Kevin Klombies is a prolific writer and market analyst. After graduating in 1980 from the University of Saskatchewan with a Bachelor of Commerce degree (Honours) in Finance/Economics, he was a broker for about 16 years for Wood Gundy Inc./CIBC Wood Gundy (changed name around 1990) Private Client Division.

While at Wood Gundy, he began to create the intermarket work that would later become the IMRA newsletter. He recalls starting with a DOS version of Metastock that he used to print out charts, drawing lines on them with a pen and ruler and taping them together upside down (at times).

The first market review that he put together was in 1988 and was based on annual percentage changes in U.S. M1 versus the equity markets. It ended up going from desk to desk right to the Bank of Canada, which said there was, in fact, no relationship between money supply growth and the equity markets (“which probably explains why I have so little respect for central banks,” he says).

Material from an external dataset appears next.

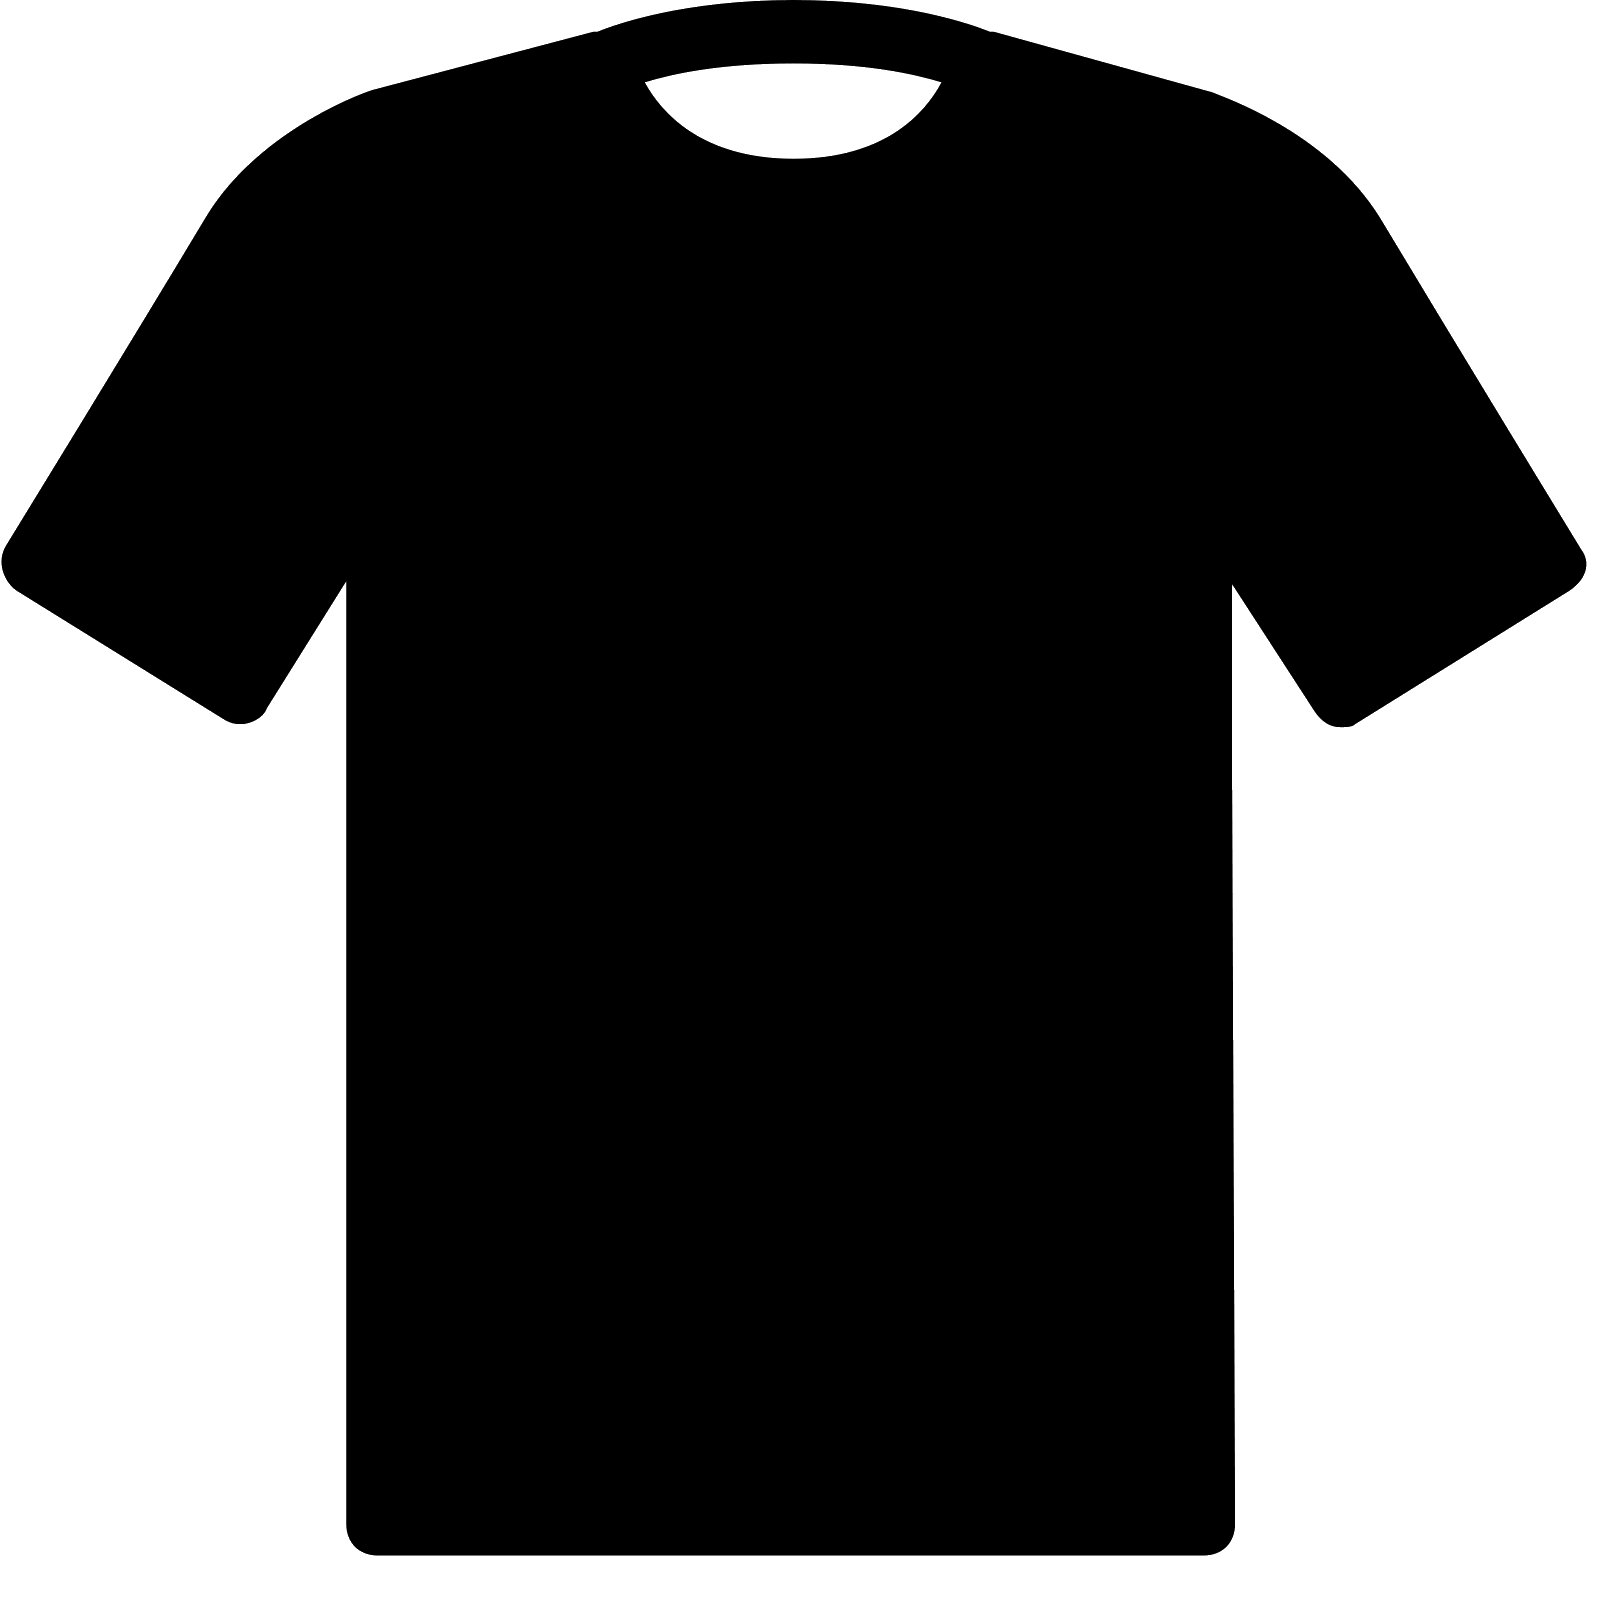 Ícone camisa Png - Baixar Imagens em PNG

Klombies says his broker career was uninspiring, mainly because he spent way too many hours running charts and too little time prospecting for business. He found that what he liked best was analyzing the markets and what he liked least was selling, marketing, and client service. So he eventually left the business and continued to work on the analysis while doing some trading and consulting.

He has been featured on a number of web sites, interviewed by Reuters TV in London and marketed by Agora Inc. (Daily Reckoning, etc.), but the majority of what he does is done privately and quietly.